In 2003, Curvve released remixes of Jody Watley's "Looking for a New Love", which rose to #13 on the US billboard dance charts, followed by Vinny Troia's own single "Flow", with Jaidene Veda (2006), which reached #24 on the top Billboard Dance Songs chart. In 2007, Curvve released "One Day My Love" by N'Dea Davenport, which rose to #10 on US Dance chart.

Troia's second single, "Do For Love" featuring Jaidene Veda and with remix by Dave Aude, reached #40 on the US top billboard dance charts in 2010.

=== Cybersecurity ===
Troia serves as owner and CEO of Shadow Nexus, and Night Lion Security, cyber-security firms based in the US.

In 2018, Troia found a data leak of nearly 340 million detailed records about individual people available on a publicly accessible server of Exactis.

In 2019, he found a data breach in People Data Labs where records of personal data, including email addresses, employers, locations, job titles, names, phone numbers and social media profiles of 1.2 billion people were exposed.

In July 2020, Data Viper, a threat intelligence platform operated by Vinny Troia, was reportedly compromised. The site claimed to host over 8,200 datasets linked to various data breaches, was described by Troia as a deliberate honeypot designed to track and identify individuals in connection with investigations referenced in Troia's book and published works.

In August 2020, Troia wrote a report on the underground cybercrime economy built on the stealing of reselling of video game passwords. The white paper outlines the process by which hackers make money by stealing and reselling Fortnite video game cosmetics, some making nearly a million dollars per year.

In November 2021, hacker Pompompurin, admin of the Dark Web data sharing forum BreachForums, publicly harassed Troia by hacking into the FBI email servers and sending hundreds of thousands of emails to people accusing him of being a part of The Dark Overlord hacking group. In addition, Troia claimed that they had previously performed a DDoS attack one of Troia's websites and also hacked the National Center for Missing & Exploited Children's blog to create a fake blog post about him.

==== Notable investigations ====
Troia was referenced as an intermediary (Individual-1) in a U.S. arrest warrant for Alexander “Connor” Moucka (aka “Catist” and “Judische”) in connection with the discovery of the Snowflake and AT&T data breaches. Media accounts also describe Troia's involvement under the alias “Reddington” in discussions surrounding ransom demands linked to the breaches, including a payment by AT&T.

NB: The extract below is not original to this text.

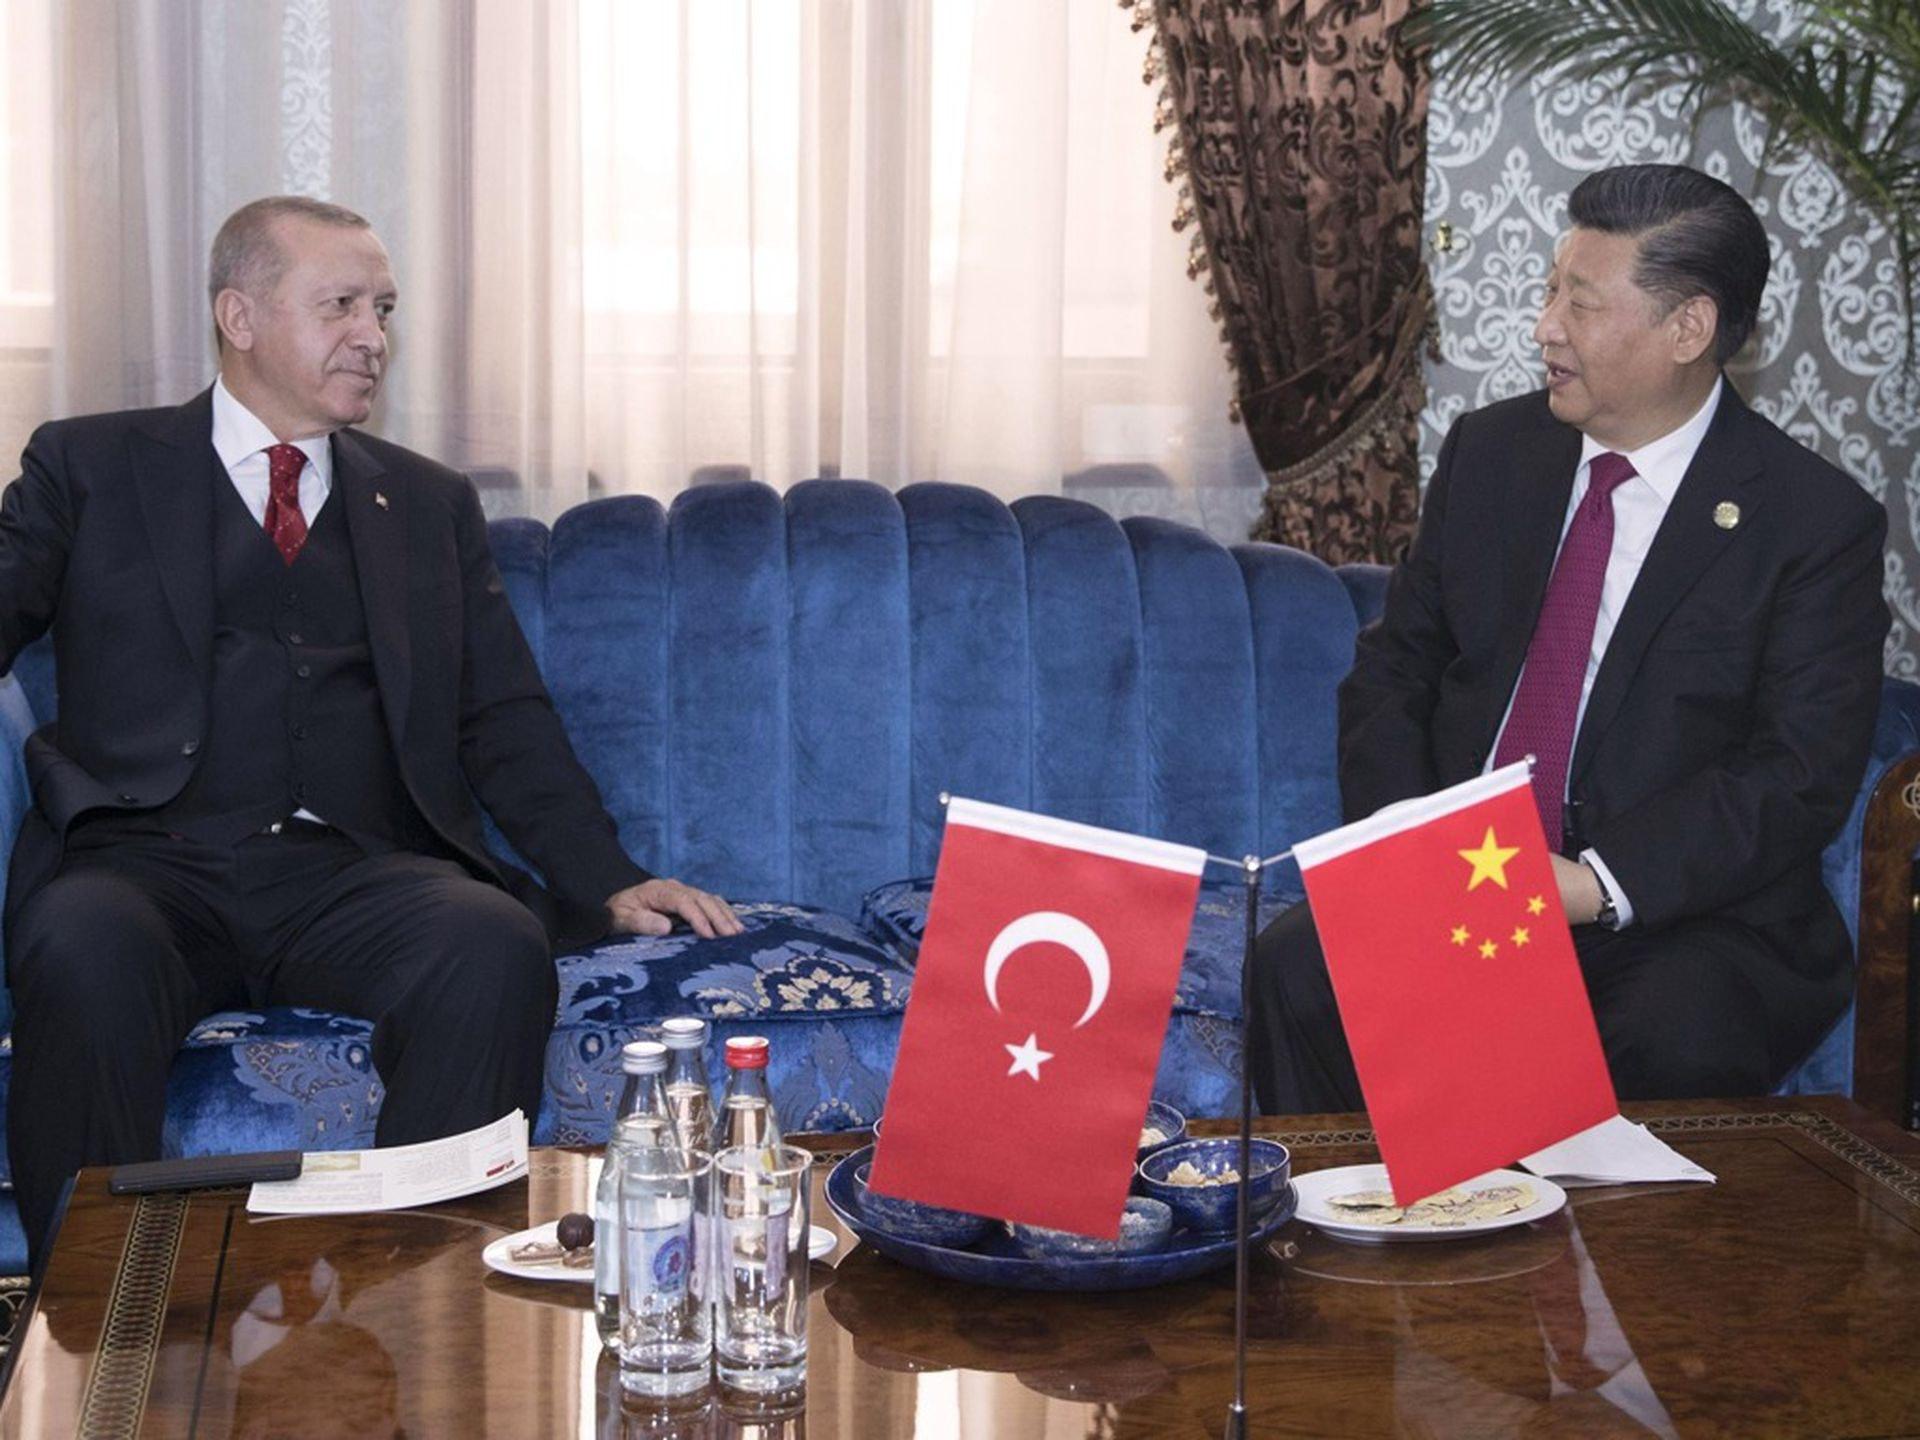 中国国家主席习近平于4月8日同土耳其总统埃尔多安(Recep Erdogan)通话时强调,病毒无国界、不分种族,中土双方要密切合作,加强协调。(新华社)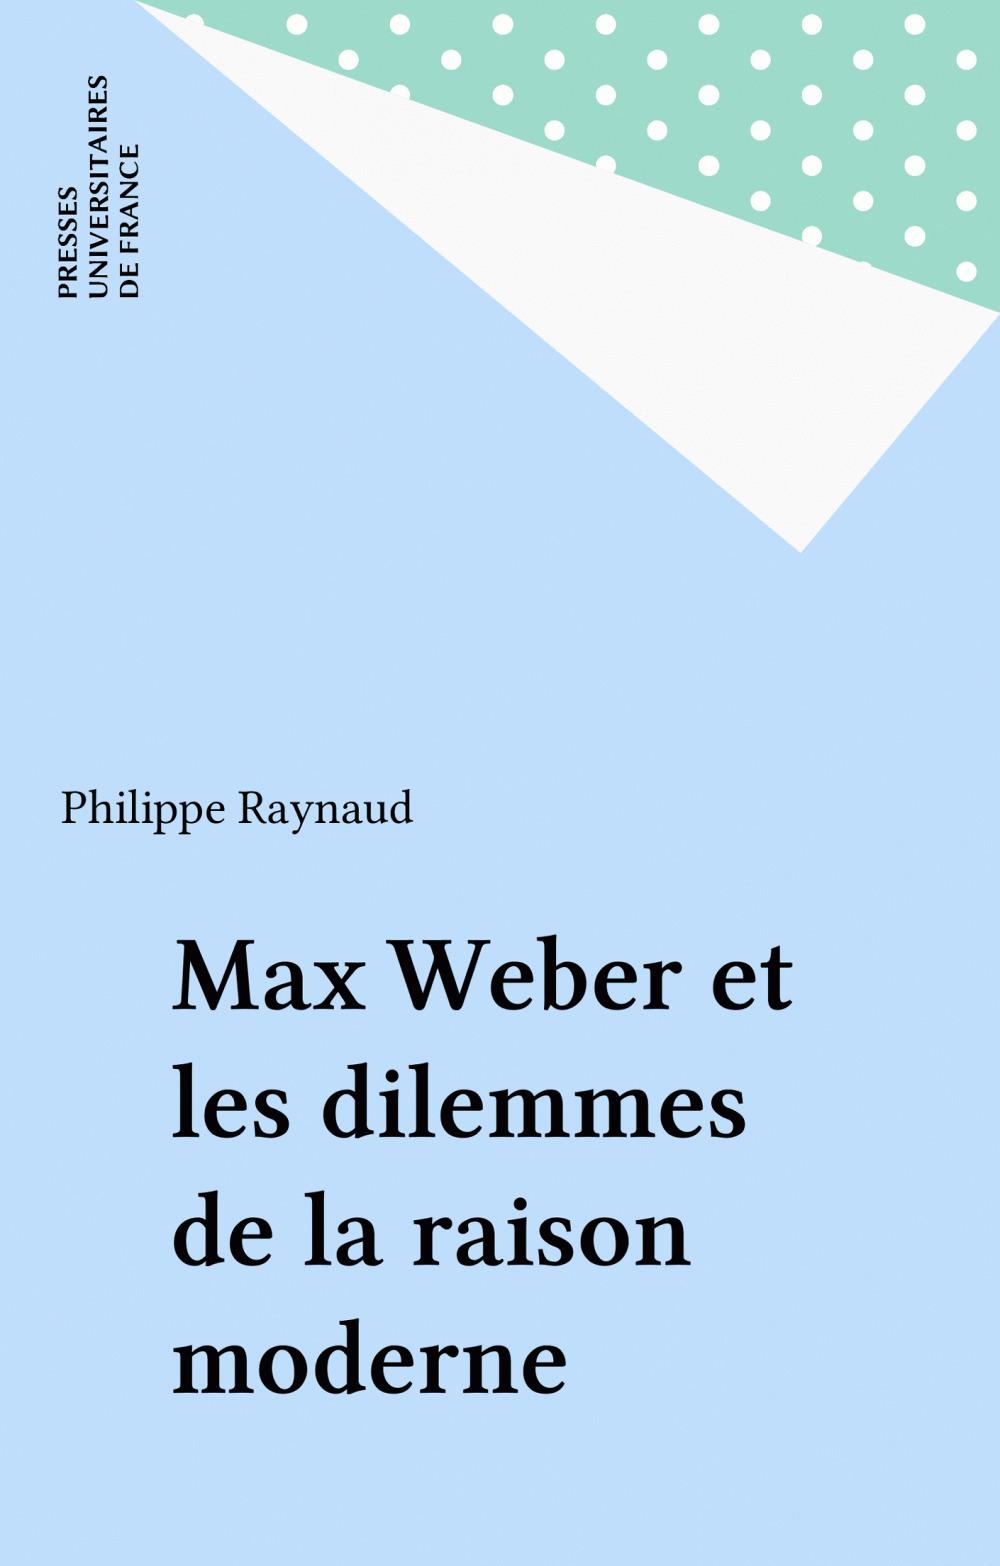 Max weber et les dilemmes de la raison moderne

Troia also conducted investigative research into the hacking groups The Dark Overlord and ShinyHunters. This work was detailed in his 2021 book Hunting Cyber Criminals, which examined the groups’ operations, methods, and impact. In addition to the book, Troia published a detailed investigative report analyzing the groups’ activities and affiliations.

==Publications==
In 2025, Troia authored Grey Area: A Dark Web OSINT Field Guide. In 2021, Troia authored the book "Hunting Cyber Criminals: A Hacker’s Guide to Online Intelligence Gathering Tools and Techniques" (Wiley Books), which illustrates various investigative tools and techniques used to track down and investigate cybercriminals using Open Source Intelligence (OSINT) gathering tools and techniques.